How are a qt and a hospital tank different---or are they?

Sk8r

Staff member
RC Mod
Difference between a qt and a hospital tank...
There need not be. What describes a hospital tank can be a qt, IF you're willing to do very frequent filter changes, and you can do it as one tank. Follow with me. Understand the trade-offs.

A 'cycled' qt relies on bacteria. You can go as far as sand, rock, etc...or just sponges with bacteria. You put the fish in, you watch fish for four weeks. If you have to treat, you then move the fish to a hospital tank. And if it's a sand-rock fuge and ich was involved, you do not use it again for 12 weeks [time for the ich to starve and die].

You cannot medicate in a cycled qt without risk of dieoff of bacteria, which affects water quality and oxygenation, at a time when the fish, due to ich in the gills, may not be breathing well in the first place. I won't say fish can't survive despite this, but you certainly can't expect it to set up as a bacterial-run tank after having been coppered, or dosed with an antibiotic--- Most sandbed-type bacteria ARE gram-negative, and most infections are gram-positive, which is why some antibiotics can avoid killing your sandbed, (though some gram-negative-safe antibiotics will still ding it ) but if you use a broad-spectrum antibiotic, guess what? It takes out both kinds of bacteria, gram-negative and gram-positive. So whether copper, which kills all sorts of bacteria, or an antibiotic, which is an either-or, you are just better off moving everybody out to a tank with NO biological filtration to die off and adversely affect the oxygen level.
You can use hyposalinity in a cycled qt, but I'd still wait 12 weeks after the last fish has left it cured before allowing another fish into that qt tank, just in case the last ich is somewhere encysted in that sandbed.
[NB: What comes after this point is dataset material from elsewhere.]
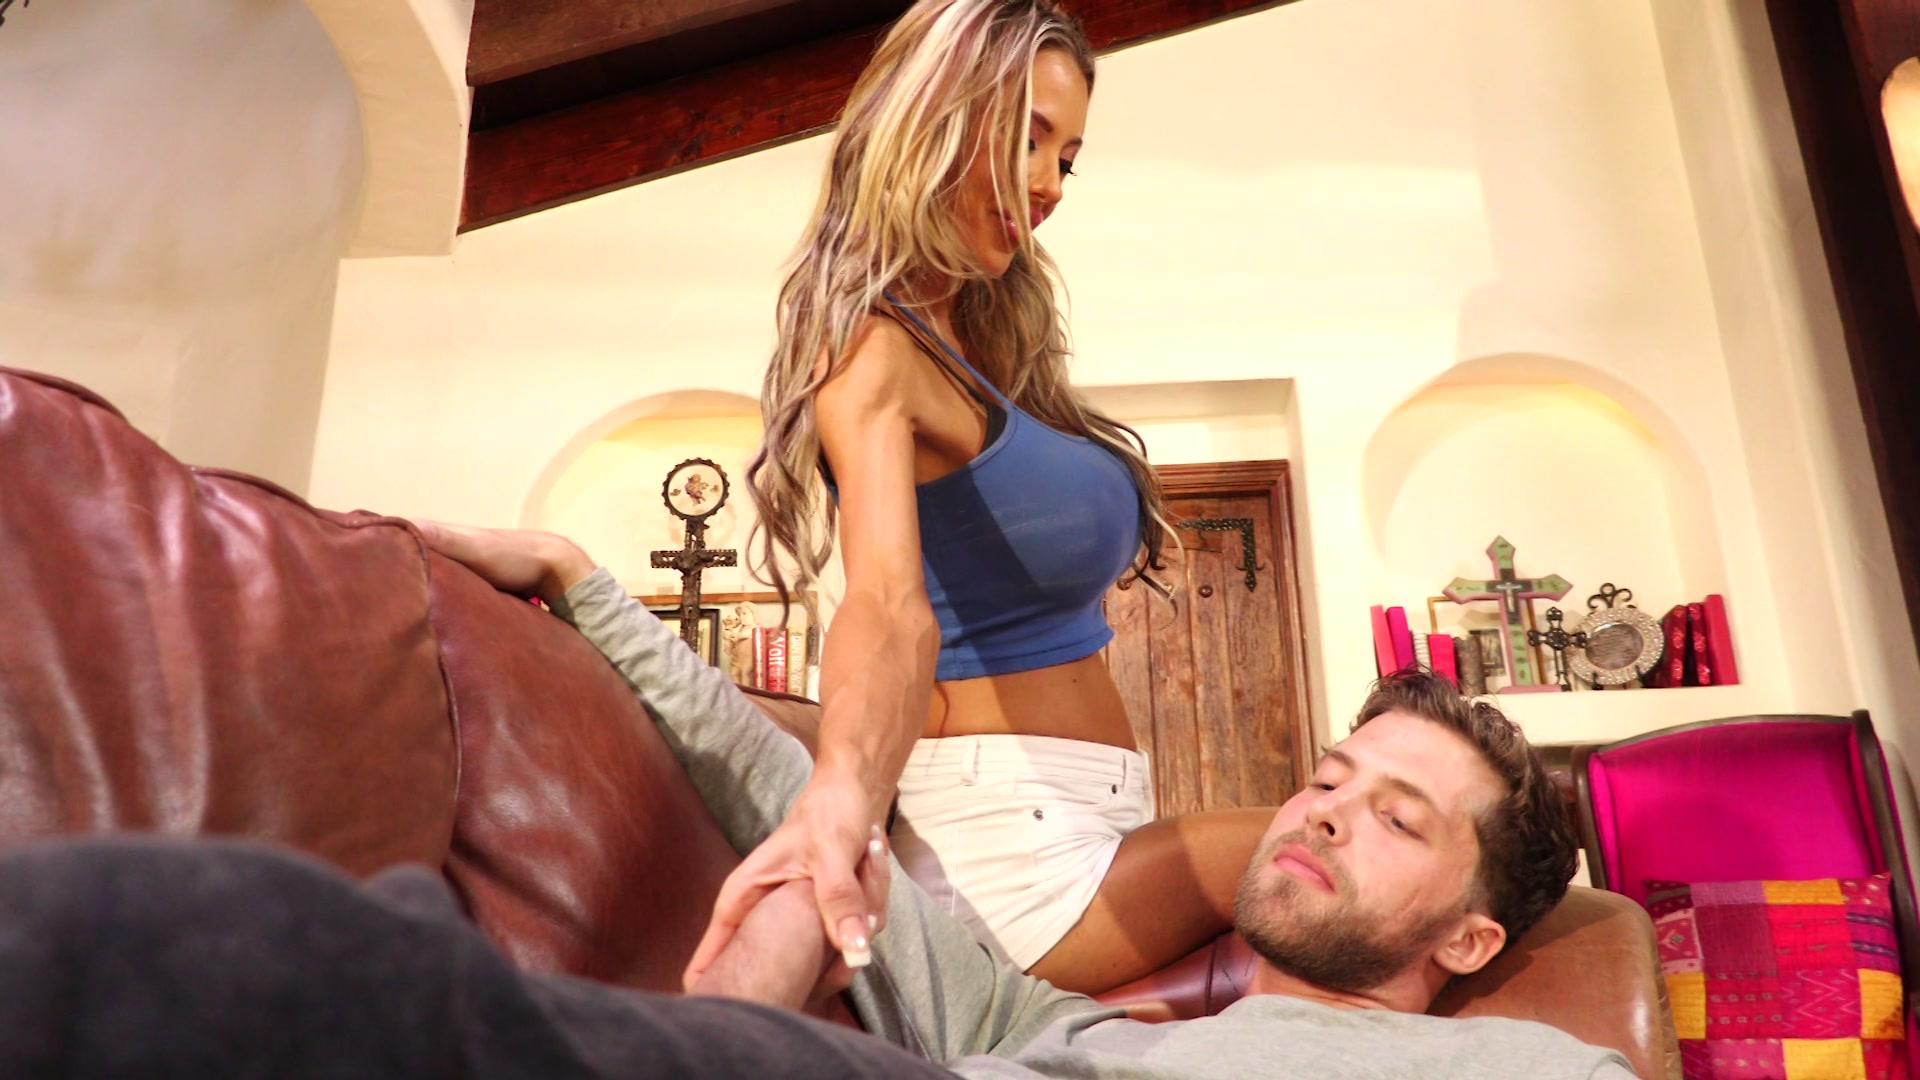 Amateur sister porn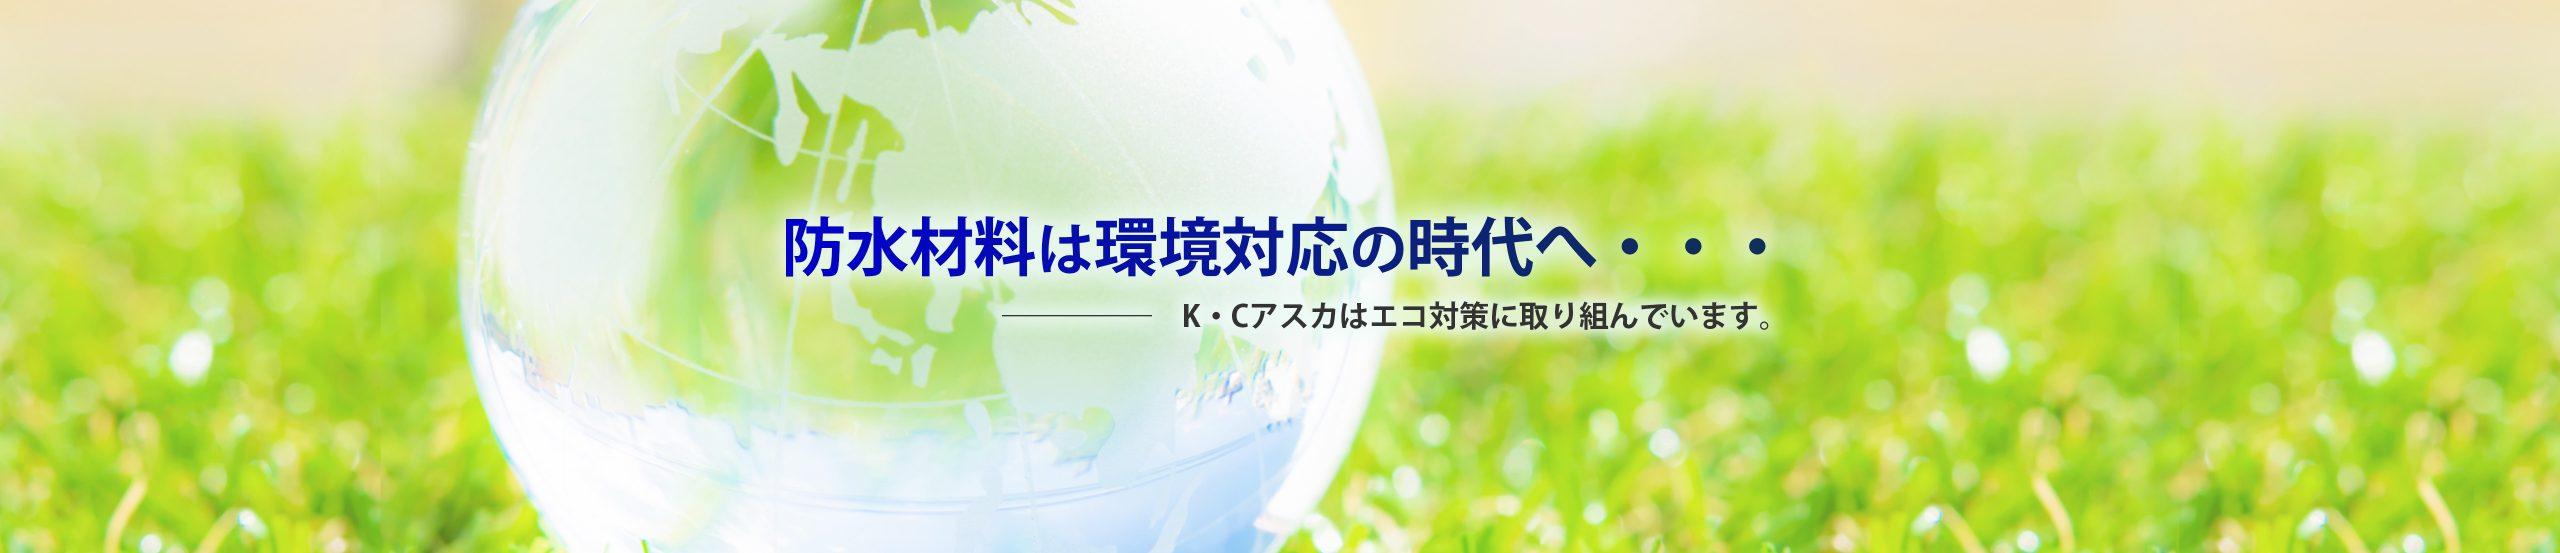 防水素材は環境対応の時代へ… ――K・Cアスカはエコ対策に取り組んでいます。 建築資材の株式会社K・Cアスカ

A hospital tank or a transfer tank does NOT use a cycled sponge or sand or rock. You simply use a cheap disposable filter (pillow floss from the sewing store or fabric store is ideal) which you toss the instant you spot any brown stain (biologic activity) on it: you keep it microbe-free, so it won't cycle, won't produce ammonia---and WON'T provide a haven for ich-swimmers, who when they leave the fish, typically lodge in the sandbed or physical filter before reinfesting the fish. You can medicate here safely with just about any med safe for the fish. But two cautions: when you are dosing a med, you MUST have an autotopoff on the tank to prevent evaporation changing the dosage...do you see how? When the water evaporates it concentrates the med or the copper to a higher dosage than may be safe. If it gets too much water, if lessens the dosage. If you are using hypo, you also need the ATO, for exactly the same reason: hypo relies on low salinity killing the pest---but it doesn't work if evaporation keeps on saving the ich by RAISING the salinity every few hours. Whatever your treatment, an ATO keeps it both safe, and effective in dosage.
You also need oxygenation---really good oxygenation. The med is going to stress your fish to the max, and being oxy-short is going to make recovery difficult.

I hope that helps you understand the tradeoffs. If you're going to treat, you need to do more than just dump in a med and cross your fingers. Treatment itself can kill, by creating low oxygen, poor waste disposal, an overload of dead bacteria, or just an overdose or underdose of the medication or treatment.

If you use an uncycled qt, you can convert it to a hospital tank just by adding meds and the ATO, and you can clean it with vinegar and sunlight, ie, clean it and all gear, and let it dry out. Then it's ready to use again.

But an uncycled qt must be maintained scrupulously clean, with NO biological activity allowed to set up. The waste will be removed by the filter, which you toss very frequently. Hence pillow floss.

One more footnote: a filter with black stuff in it has CARBON, and carbon may pull your med from the water. Do not use carbon in a tank you're treating.